Neben dem 75-jährigen Grosser will auch Graumann heute in der Paulskirche reden. Er bekräftigte die Kritik an Grosser. "Es geht hier gar nicht um politische Eitelkeiten oder darum, dass der Zentralrat etwa zu allem und jedem seinen Koscher-Stempel vergeben muss. Schon gar nicht geht es um persönliche Befindlichkeiten", sagte Graumann dem Abendblatt. Es gehe darum, dass Herr Grosser, der ein zu Recht angesehener Mann mit eindrucksvoller Biografie sei, Positionen vertrete, die von der überwiegenden Mehrheit der jüdischen Gemeinschaft nicht geteilt werden.

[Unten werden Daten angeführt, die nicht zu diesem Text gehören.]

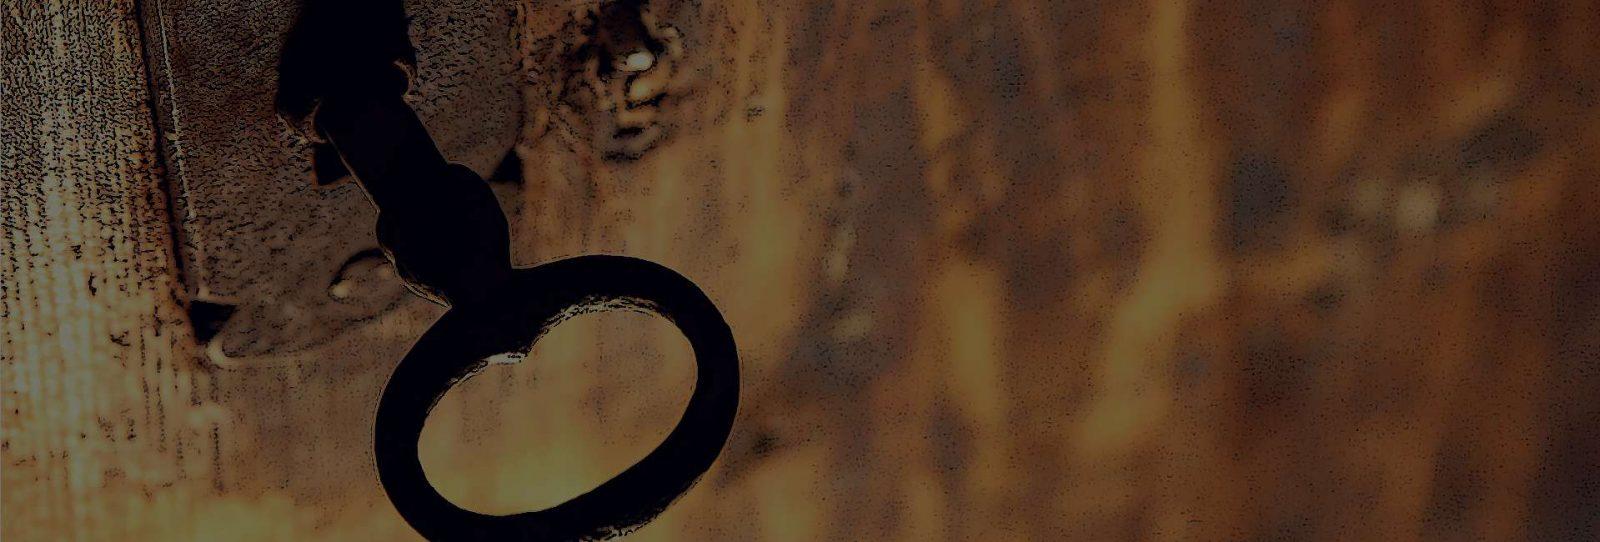 Key puzzle background

In diesem Sinne sei er eben kein Brückenbauer, sondern "jemand, der Gräben aufreißt und polarisiert". Grosser könne seine Meinung immerzu vertreten. "Aber ausgerechnet am 9. November in der Paulskirche ist das eine Besetzung, die uns schmerzt." Unterdessen beklagt der Zentralrat einen zunehmend enthemmten Antisemitismus in der Gesellschaft. Zentralrats-Vize Graumann sagte, Antisemitismus habe man lange Zeit eher an den extremistischen Rändern der Republik verortet. "Wissenschaftliche Untersuchungen bestätigen nunmehr, was für die jüdische Gemeinschaft in Deutschland schon seit Längerem fühlbar ist: dass sich der Antisemitismus in all seinen Facetten in die gesellschaftliche Mitte vorgearbeitet hat und dort auch zunehmend enthemmt geäußert wird", kritisierte Graumann.

Man könne sich manchmal des Eindrucks nicht erwehren, dass der Konsens, der zum Fundament dieser Gesellschaft nach der schrecklichen Erfahrung des Holocaust gehörte - nie wieder Antisemitismus, nie wieder Fremdenfeindlichkeit und Rassismus -, dass dieser Konsens durch aktuelle politische Entwicklungen bis weit in die Mitte unserer Gesellschaft hinein aufgeweicht zu werden drohe, sagte Graumann weiter. Er betonte: "Das ist beängstigend und muss uns anspornen, hier gemeinsam aktiv gegenzusteuern."

Der designierte Präsident des Zentralrats, der Ende November als Nachfolger von Charlotte Knobloch gewählt werden soll, gab zu bedenken, dass die Würdigung des 9. Novembers sich nicht nur in Gedenkveranstaltungen oder Gedenkreden auf der großen politischen Bühne widerspiegele. Sie spiegele sich auch in den kleinen lokalen Initiativen wider, die sich dafür engagieren, dass die grauenvollen Ereignisse des 9. November 1938 und die noch grauenvolleren, die folgen sollten, nicht vergessen werden, so Graumann. Das finde leider oftmals viel zu wenig Beachtung, monierte der Vizepräsident.